Klimagipfel COP 27 in Ägypten endet: Schadensersatz – und viel Schaden
Der Weltklimagipfel in Scharm al-Scheich einigt sich mit zwei Tagen Verspätung auf eine Abschlusserklärung. Mit vielen Lücken und einem Lichtblick.
Stunde um Stunde verzögerte sich das Abschlussplenum. In der hart umkämpften Abschlusserklärung steht nun wieder drin, dass die Regierungen sich zu dem Ziel bekennen, die Erderhitzung bei 1,5 Grad gegenüber vorindustriellem Niveau zu begrenzen. Sie wiederholen auch die Feststellung aus ihrer letztjährigen Erklärung, dass dafür die Kohlenutzung heruntergefahren werden muss.

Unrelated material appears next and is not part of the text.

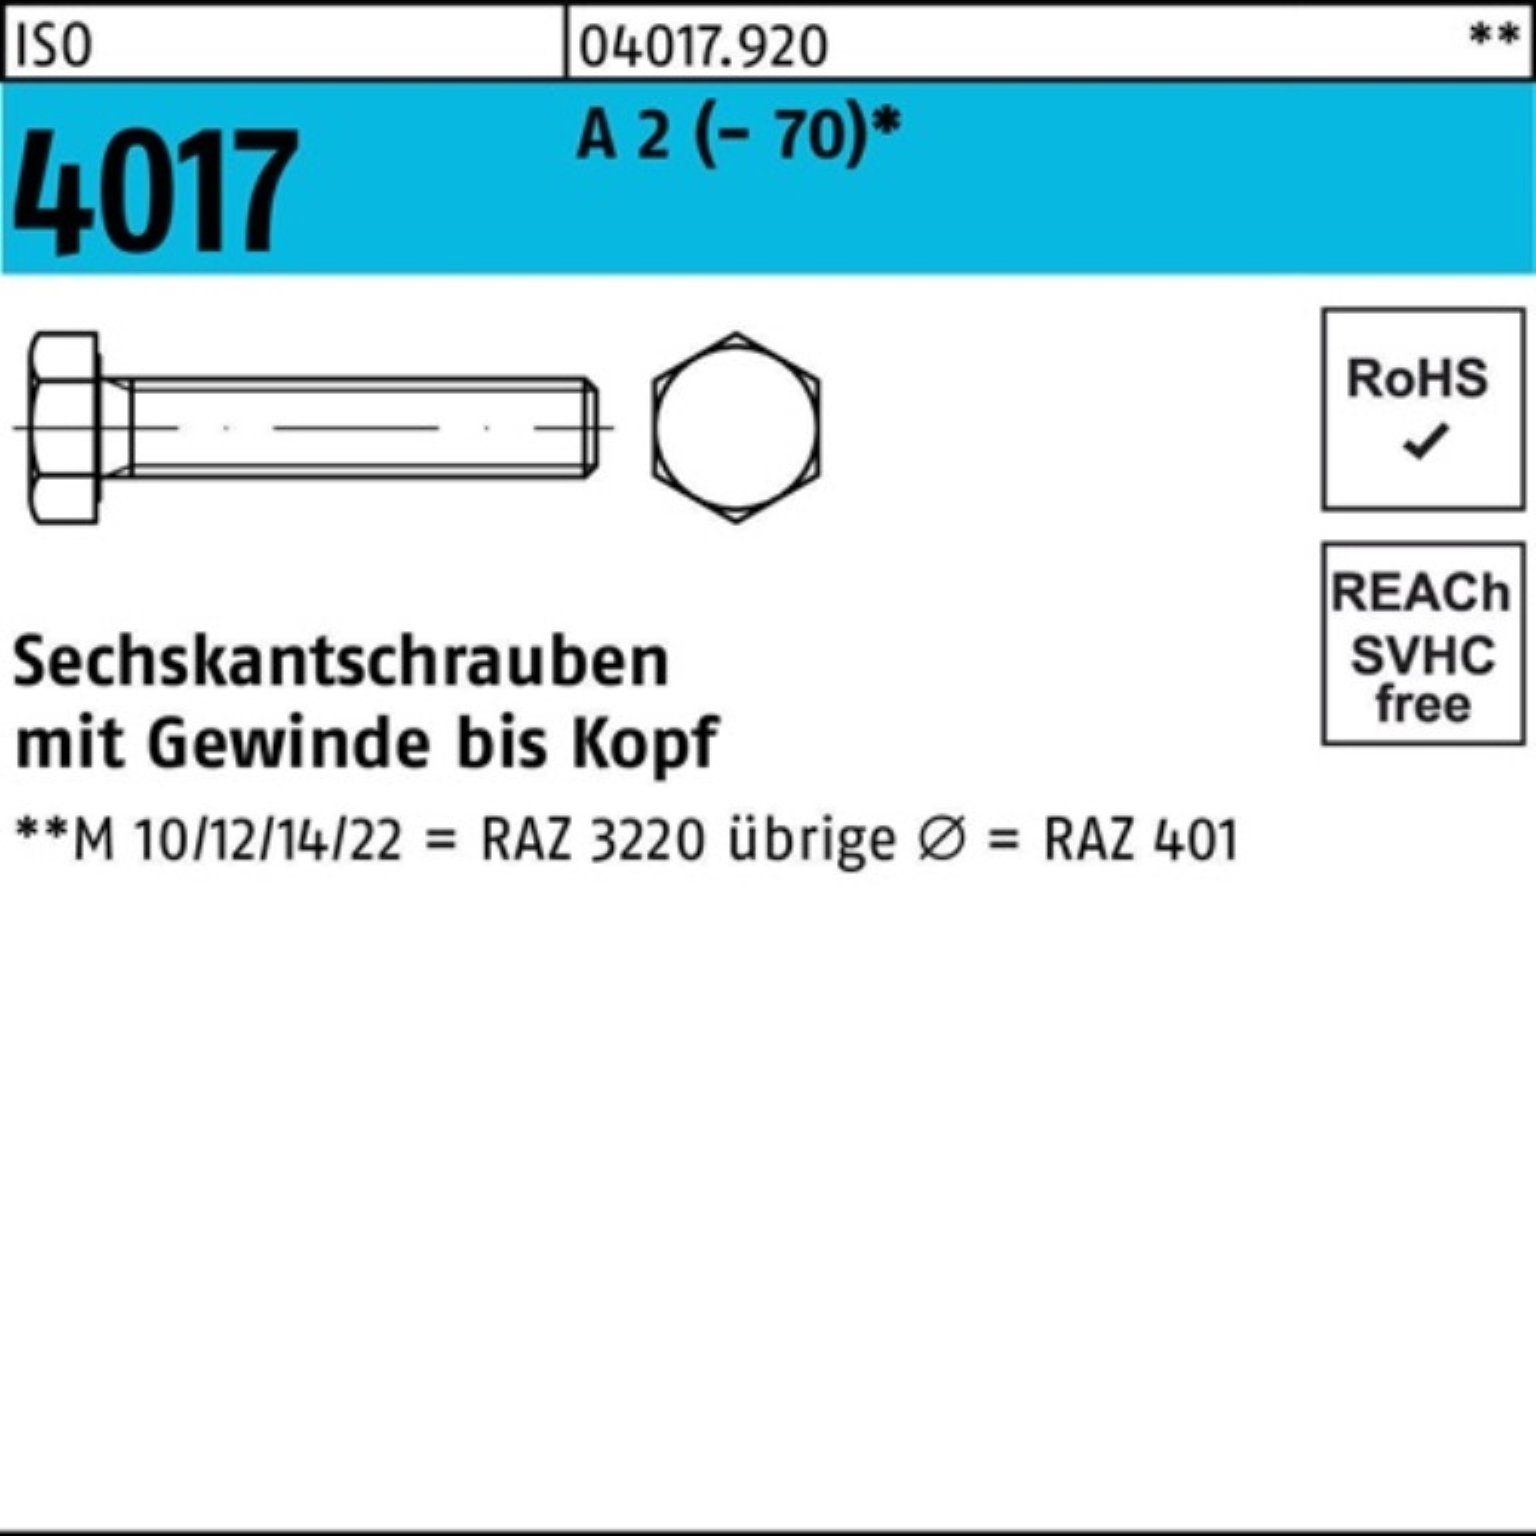 Bufab Sechskantschraube 100er Pack Sechskantschraube ISO 4017 VG M8x 10 A 2 (70) 100 Stück

Das bedeutet aber auch, dass die wenigen Ölländer sich wieder durchgesetzt haben. Nicht beschlossen wurde nämlich, dass ein Abschied von fossilen Energieträgern im Allgemeinen nötig ist. Dieser Vorschlag von Indien fand sich trotz breiter Unterstützung schon in keinem der vorab kursierenden Beschlussentwürfe.
Die ägyptische Gipfelpräsidentschaft, die selbst zum Abschluss von Gas-Deals am Rande der Verhandlungen aufrief, hatte ihn trotz breiter Unterstützung schlicht nicht aufgenommen. Strikt gegen die Formulierung waren auch Ölländer wie Saudi-Arabien.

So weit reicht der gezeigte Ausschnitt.